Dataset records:

----

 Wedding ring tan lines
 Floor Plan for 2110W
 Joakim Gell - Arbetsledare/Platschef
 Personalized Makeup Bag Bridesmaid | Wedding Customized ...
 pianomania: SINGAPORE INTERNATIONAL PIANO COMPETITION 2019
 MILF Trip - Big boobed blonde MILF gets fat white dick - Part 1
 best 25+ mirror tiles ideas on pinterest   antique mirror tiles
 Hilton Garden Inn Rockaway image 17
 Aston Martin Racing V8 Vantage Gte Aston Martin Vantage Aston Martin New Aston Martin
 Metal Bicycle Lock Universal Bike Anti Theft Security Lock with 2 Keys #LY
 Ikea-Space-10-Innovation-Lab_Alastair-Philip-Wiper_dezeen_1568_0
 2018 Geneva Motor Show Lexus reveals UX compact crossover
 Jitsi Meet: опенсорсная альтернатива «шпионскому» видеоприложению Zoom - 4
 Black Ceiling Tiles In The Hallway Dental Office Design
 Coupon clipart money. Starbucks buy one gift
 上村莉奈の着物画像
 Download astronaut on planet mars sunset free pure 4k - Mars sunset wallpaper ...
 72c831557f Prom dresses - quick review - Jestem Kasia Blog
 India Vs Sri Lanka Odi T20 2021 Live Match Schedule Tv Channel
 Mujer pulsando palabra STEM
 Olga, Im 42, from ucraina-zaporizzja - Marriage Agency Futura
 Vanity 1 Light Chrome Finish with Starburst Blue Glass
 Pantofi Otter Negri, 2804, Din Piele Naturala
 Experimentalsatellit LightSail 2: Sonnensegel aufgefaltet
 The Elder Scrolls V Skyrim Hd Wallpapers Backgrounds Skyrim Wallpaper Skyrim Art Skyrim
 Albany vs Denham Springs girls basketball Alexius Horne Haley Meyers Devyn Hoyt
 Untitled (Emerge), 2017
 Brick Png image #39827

----

_WHAT THE EXERCISE ASKS_:
What is needed is an exact copy of the lines above, from the one containing "pianomania: SINGAPORE INTERNATIONAL" through the one containing "Aston Martin Racing", with nothing added.

_ANSWER BELOW_:
 pianomania: SINGAPORE INTERNATIONAL PIANO COMPETITION 2019
 MILF Trip - Big boobed blonde MILF gets fat white dick - Part 1
 best 25+ mirror tiles ideas on pinterest   antique mirror tiles
 Hilton Garden Inn Rockaway image 17
 Aston Martin Racing V8 Vantage Gte Aston Martin Vantage Aston Martin New Aston Martin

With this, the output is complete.